1 files changed, 0 insertions, 76 deletions
diff --git a/third_party/rust/packed_simd/perf-guide/src/vert-hor-ops.md b/third_party/rust/packed_simd/perf-guide/src/vert-hor-ops.md
deleted file mode 100644
index d0dd1be12a..0000000000
--- a/third_party/rust/packed_simd/perf-guide/src/vert-hor-ops.md
+++ /dev/null
@@ -1,76 +0,0 @@
-# Vertical and horizontal operations
-
-In SIMD terminology, each vector has a certain "width" (number of lanes).
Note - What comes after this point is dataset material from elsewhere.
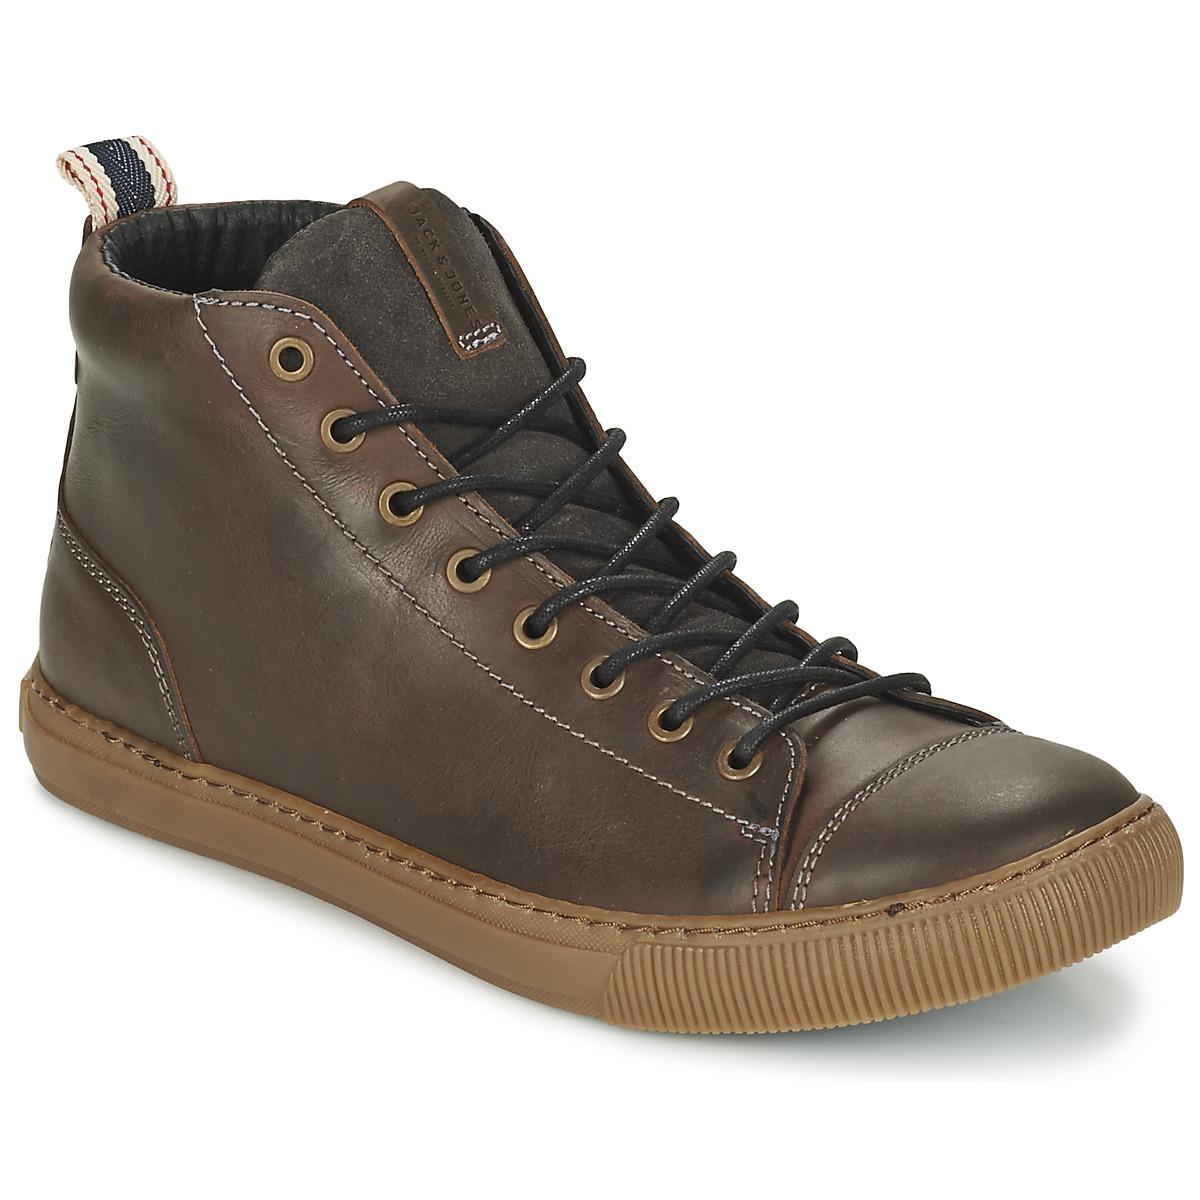 jack jones duran marron chaussure pas cher avec chaussures basket montante. Black Bedroom Furniture Sets. Home Design Ideas

-A vector processor is able to perform two kinds of operations on a vector:
-
-- Vertical operations:
-  operate on two vectors of the same width, result has same width
-
-**Example**: vertical addition of two `f32x4` vectors
-
-      %0     == | 2 | -3.5 |  0 | 7 |
-                  +     +     +   +
-      %1     == | 4 |  1.5 | -1 | 0 |
-                  =     =     =   =
-    %0 + %1  == | 6 |  -2  | -1 | 7 |
-
-- Horizontal operations:
-  reduce the elements of two vectors in some way,
-  the result's elements combine information from the two original ones
-
-**Example**: horizontal addition of two `u64x2` vectors
-
-      %0     == | 1 |  3 |
-                  └─+───┘
-                    └───────┐
-                            │
-      %1     == | 4 | -1 |  │
-                  └─+──┘    │
-                    └───┐   │
-                        │   │
-                  ┌─────│───┘
-                  ▼     ▼
-    %0 + %1  == | 4 |   3 |
-
-## Performance consideration of horizontal operations
-
-The result of vertical operations, like vector negation: `-a`, for a given lane,
-does not depend on the result of the operation for the other lanes. The result
-of horizontal operations, like the vector `sum` reduction: `a.sum()`, depends on
-the value of all vector lanes.
-
-In virtually all architectures vertical operations are fast, while horizontal
-operations are, by comparison, very slow.
-
-Consider the following two functions for computing the sum of all `f32` values
-in a slice:
-
-```rust
-fn fast_sum(x: &[f32]) -> f32 {
-    assert!(x.len() % 4 == 0);
-    let mut sum = f32x4::splat(0.); // [0., 0., 0., 0.]
-    for i in (0..x.len()).step_by(4) {
-        sum += f32x4::from_slice_unaligned(&x[i..]);
-    }
-    sum.sum()
-}
-
-fn slow_sum(x: &[f32]) -> f32 {
-    assert!(x.len() % 4 == 0);
-    let mut sum: f32 = 0.;
-    for i in (0..x.len()).step_by(4) {
-        sum += f32x4::from_slice_unaligned(&x[i..]).sum();
-    }
-    sum
-}
-```
-
-The inner loop over the slice is where the bulk of the work actually happens.
-There, the `fast_sum` function perform vertical operations into a vector, doing
-a single horizontal reduction at the end, while the `slow_sum` function performs
-horizontal vector operations inside of the loop.
-
-On all widely-used architectures, `fast_sum` is a large constant factor faster
-than `slow_sum`. You can run the [slice_sum]() example and see for yourself. On
-the particular machine tested there the algorithm using the horizontal vector
-addition is 2.7x slower than the one using vertical vector operations!